A significant linkage disequilibrium (LD) was found with Arlequin between all pairwise comparisons of the three polymorphic loci when samples were considered as a single population (n = 570). Chi-square test values ranged from 36.07 (P < 0.00001, 1 df) for CYP2B6-516 vs CYP2B6-983, to 443.55 (P < 0.00001, 1 df) for CYP2B6-516 vs CYP2B6-785, to 43.93 (P < 0.00001, 1 df) for CYP2B6-983 vs CYP2B6-785. When analysing the samples separately by district of origin, we found a significant LD in all districts for all pairwise comparisons between the three loci (Table 2).

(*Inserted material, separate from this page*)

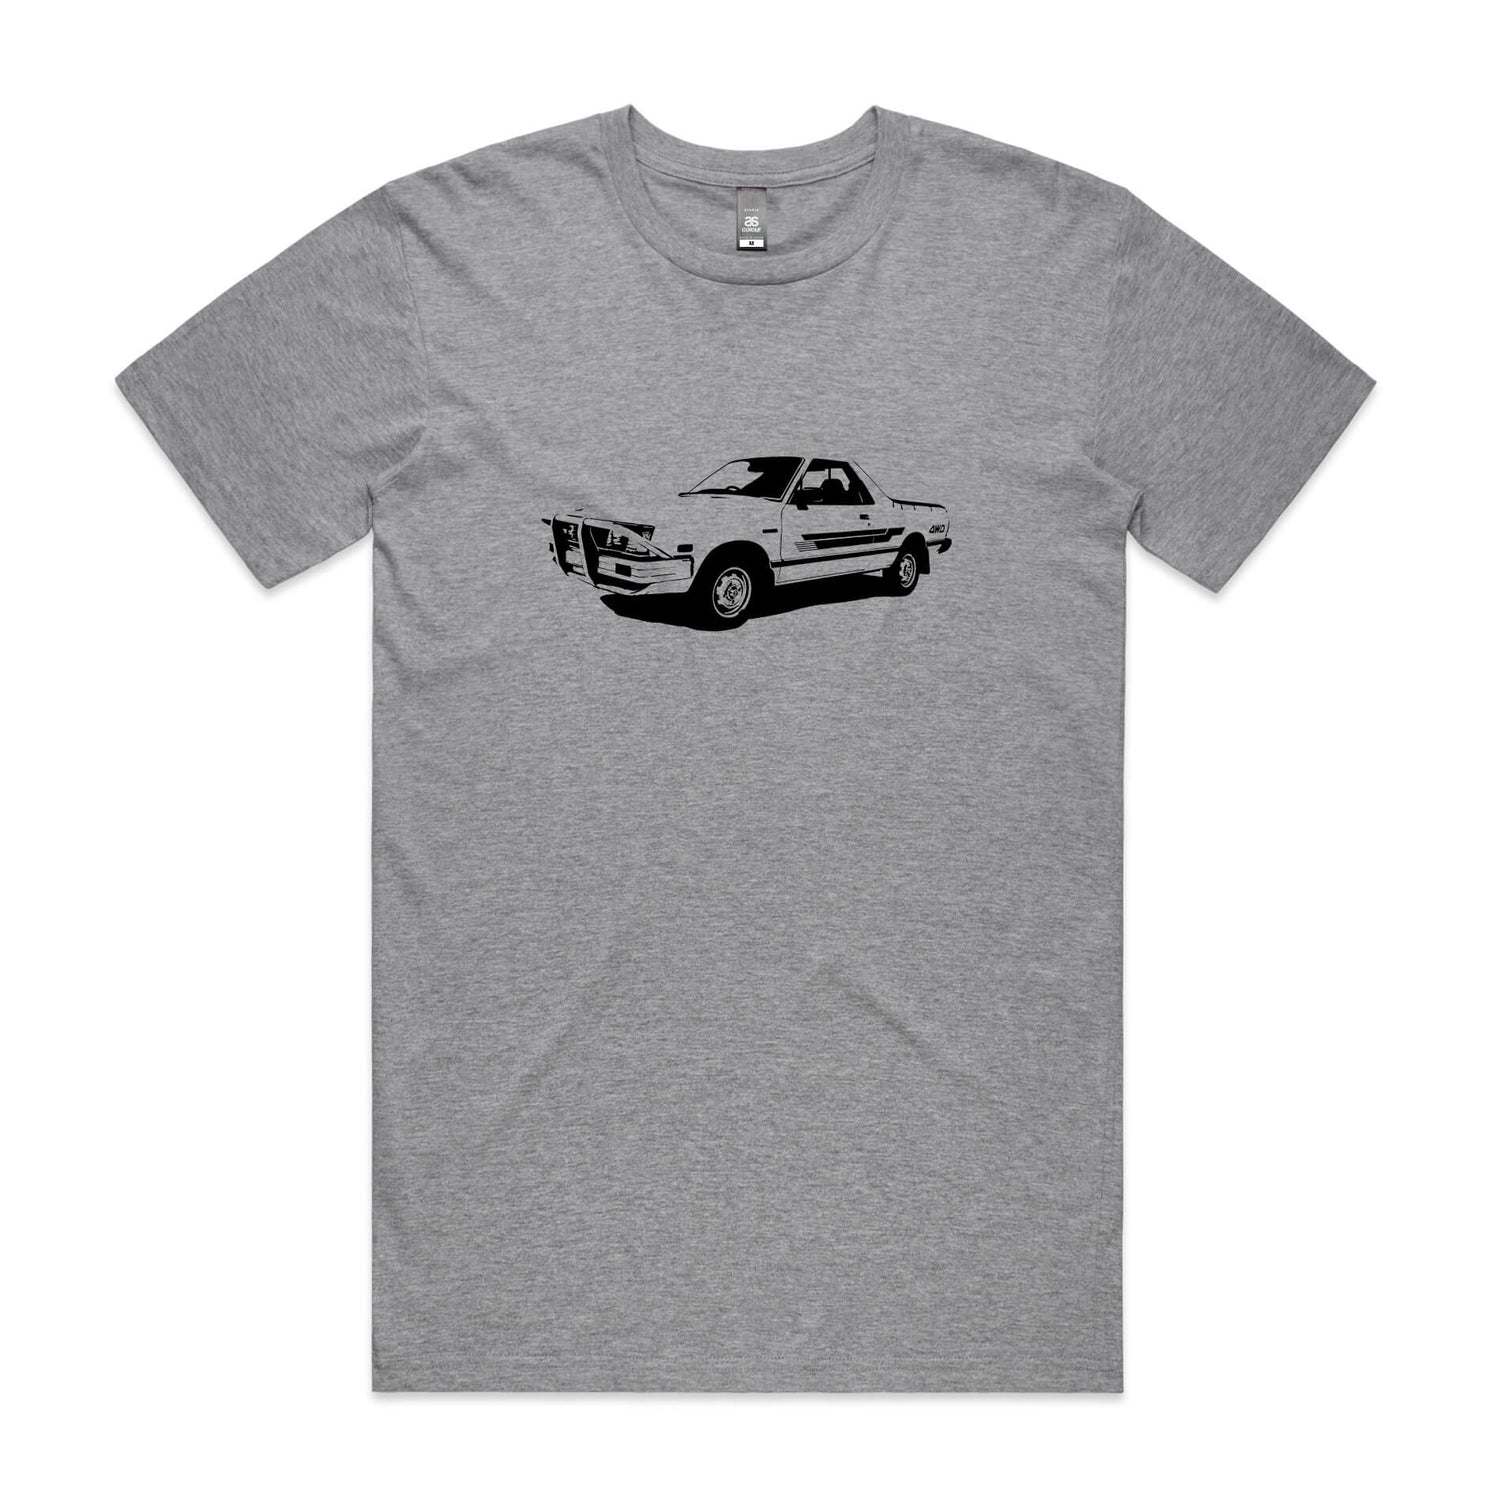 Subaru Brumby t-shirt in grey with black ute graphic

In general, LD between CYP2B6-516 and CYP2B6-785 was strongest, while LD between CYP2B6-983 and the other two loci was weakest but still highly significant.

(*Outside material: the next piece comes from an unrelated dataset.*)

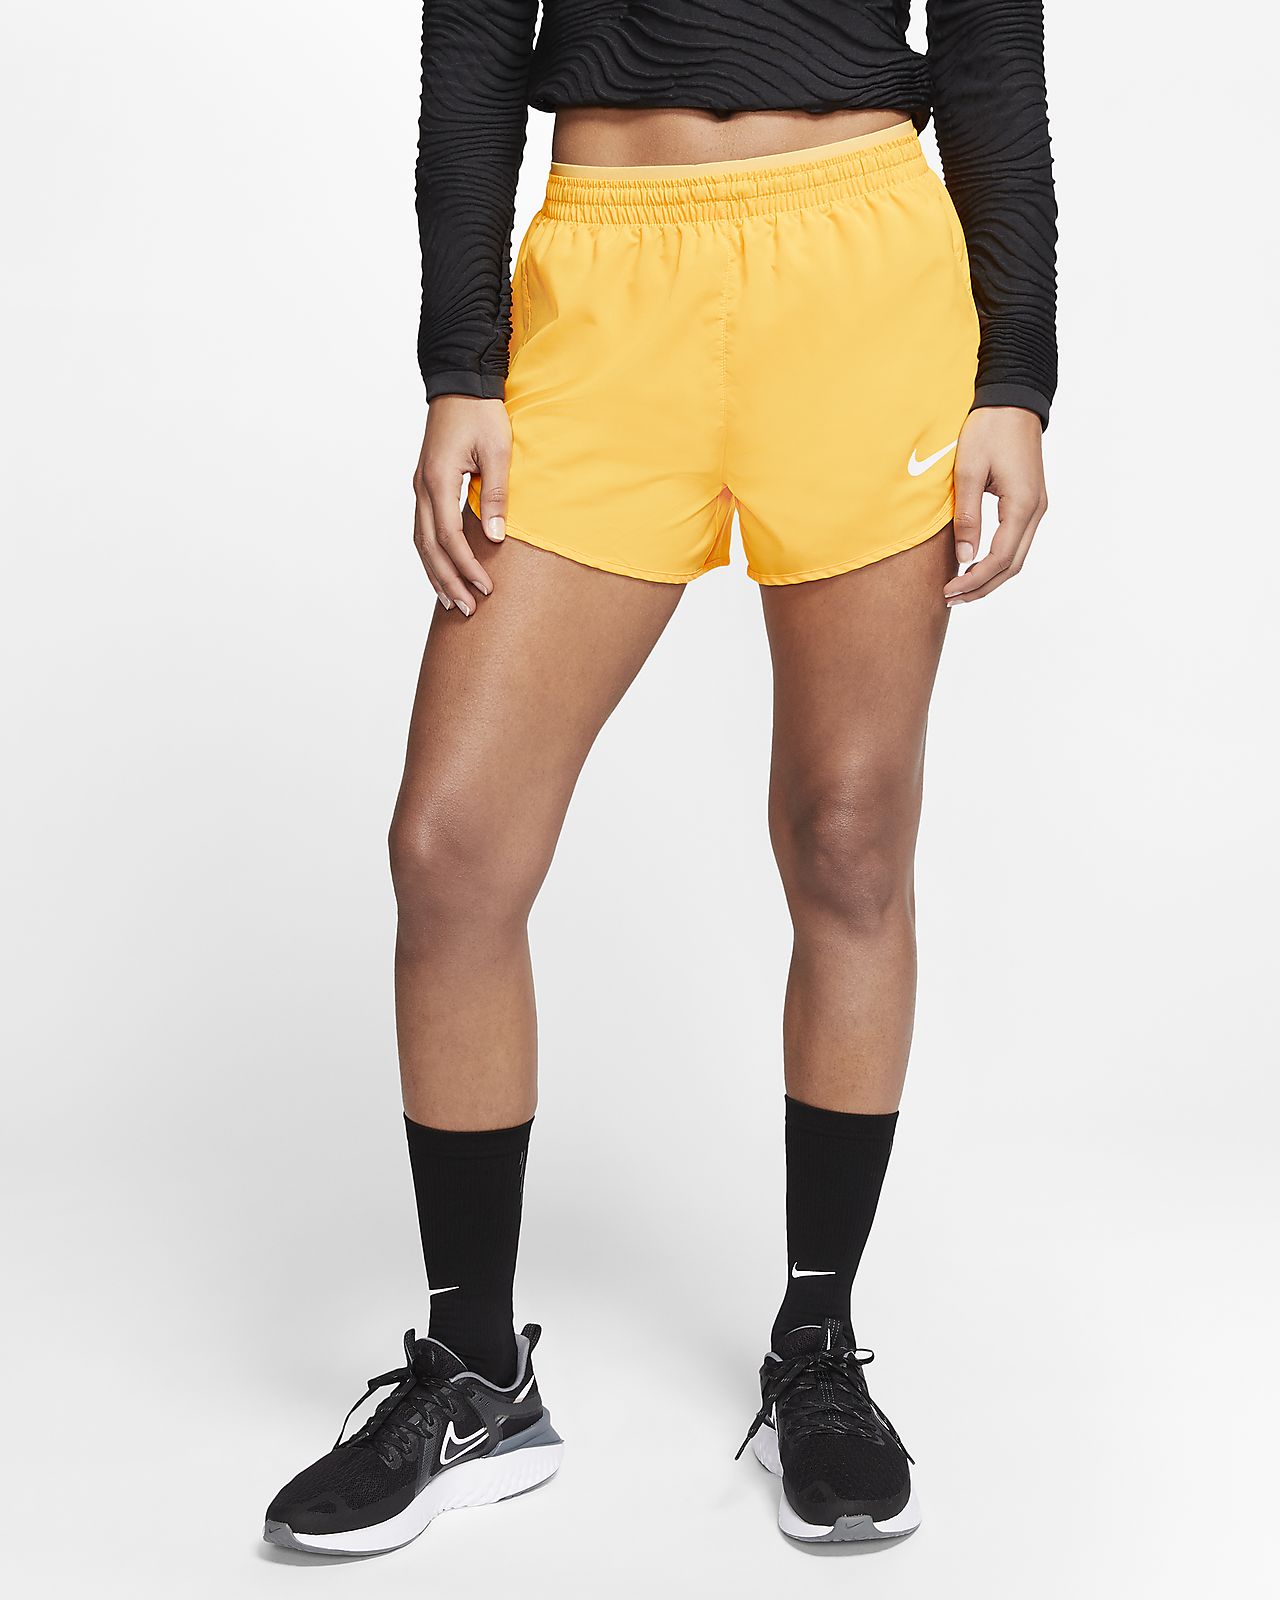 nike women's running shorts with zipper pocket

Table 2 Pairwise LD analysis for the three polymorphic loci. Chi-square values and P-value for LD analysis were obtained using Arlequin. Significance is assumed for P < 0.05.

Haplotype frequency estimation

Haplotype frequencies were estimated using Arlequin (Table 3). For the combined samples, the GAT haplotype was the most common and the GGC haplotype the rarest. Among the identified haplotypes, two not yet categorized were found, TGC and TAC, indicated as *6 + *18 and *9 + *18, respectively (Table 3). When districts were considered separately, GAT remained the dominant haplotype while GGC remained the rarest. However, differences in haplotype frequencies could be observed between districts. While there was no statistical difference in the population structure between the Serowe/Palapye and Chobe districts (Population pairwise FSTs test: P = 0.06 +/− 0.024, 110 permutations), there was a significant difference when both districts were separately compared to the Ghanzi district (Population pairwise FSTs test: P < 0.00001, 110 permutations for both comparisons). When the Serowe/Palapye and Chobe districts were combined and then compared to the Ghanzi district, the populations were still significantly different (Population pairwise FSTs test: P < 0.00001, 110 permutations). In particular the Ghanzi district displayed in particular a higher frequency (as estimated by ML) of the GAT (65.55%), TAT (10.98%) and TAC (1.53%) haplotypes and a lower frequency of the TGT (12.79%) and TGC (3.18%) haplotypes (Table 3). These data indicated a distinct population structure in terms of the CYP2B6 alleles in the Ghanzi district compared to both the Serowe/Palapye and Chobe districts.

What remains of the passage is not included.